Leonard may still be the no-nonsense man of few words NBA fans have come to expect, but looking back on his year in Toronto, it feels like he found a bit of himself, too - more of his own voice - becoming a more marketable star in the process.

It started with that unforgettable laugh at media day, and ended with a self-parody of that laugh at what Leonard would later describe as "the best parade ever." He revealed more of himself than ever before in an honest, endearing interview on Ibaka's YouTube cooking show while sampling a pizza topped with bull penis.

He soaked up the adulation at Niagara Falls, made a dramatic post-championship entrance at a Blue Jays game, and asked, "What it do, baby?" before he ever asked for Clippers fans' attention with a "Hey, hey, hey."

Leonard may have always been a fun guy, but he didn't become the Fun Guy™ until Toronto, establishing himself as the face of New Balance basketball, which wisely marketed Leonard as a Canadian folk hero.

Canada made Leonard the King of the North and expected nothing in return after the championship, which seemed to resonate with the two-time Finals MVP.

"Even after me signing with the Clippers, you know, Canadians came up to me when I was in America, or vice versa when I was up there, they said thank you for everything I've done," Leonard reflected after being cheered during an October preseason game in Vancouver, British Columbia. "They're very nice people."

Months earlier, at a championship parade that paralyzed Toronto's downtown core, Leonard expressed similar gratitude.

"I just want to say thank y'all for welcoming me here after the trade with open arms, man," Leonard said on that June afternoon. "It made my experience that much better.
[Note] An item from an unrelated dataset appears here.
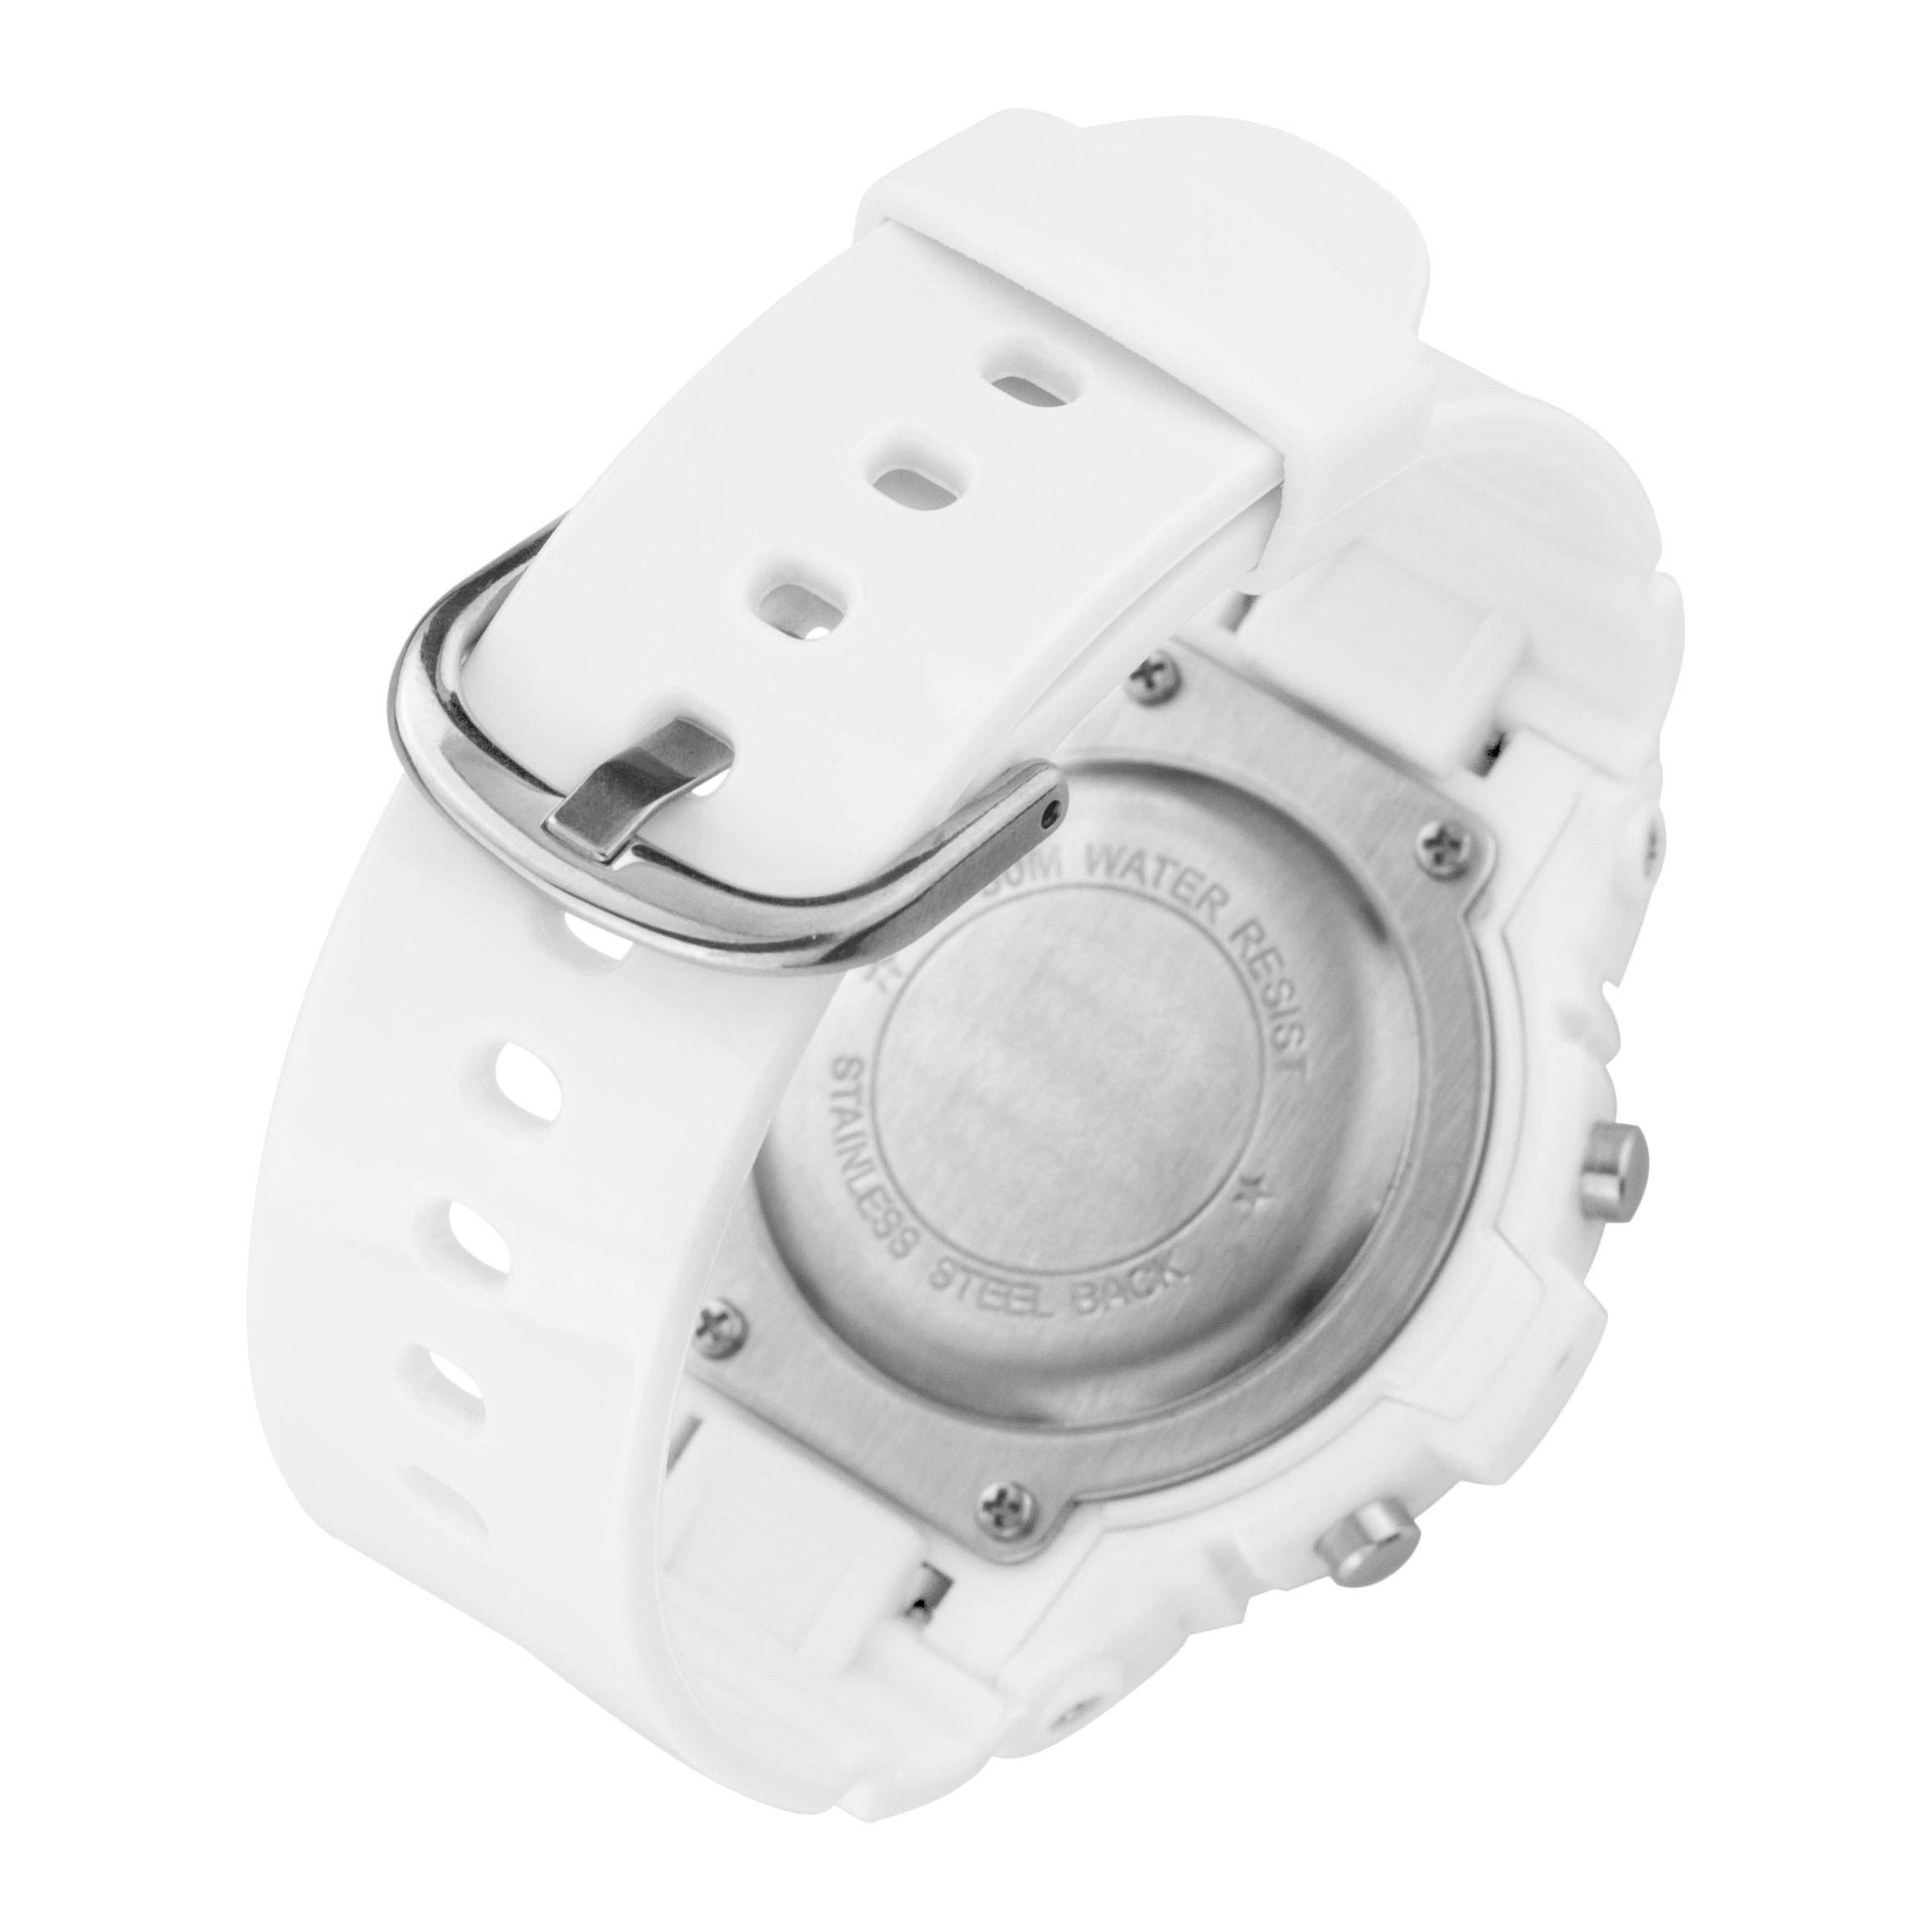 Kids Digital Sport Watch Outdoor Waterproof Watch with Alarm for Kid Child Boy Girls Gift LED Kids Watch

This group of guys let me do what I do on the floor. Coach Nick let me do what I do. And now we've got a championship."

Leonard needed only one year to change the Raptors forever and to leave an indelible mark on Canada's collective memory, its sports landscape, and its cultural identity. But don't discount the mark the city, the country, its beloved basketball team, and the club's rabid fan base, left on Leonard.

At the very time he began flexing his self-determination, Leonard landed in a place that gave him the space to reveal himself off the court, a team to maximize his abilities on it, and a starving, adoring fan base that offered him a throne to call his own.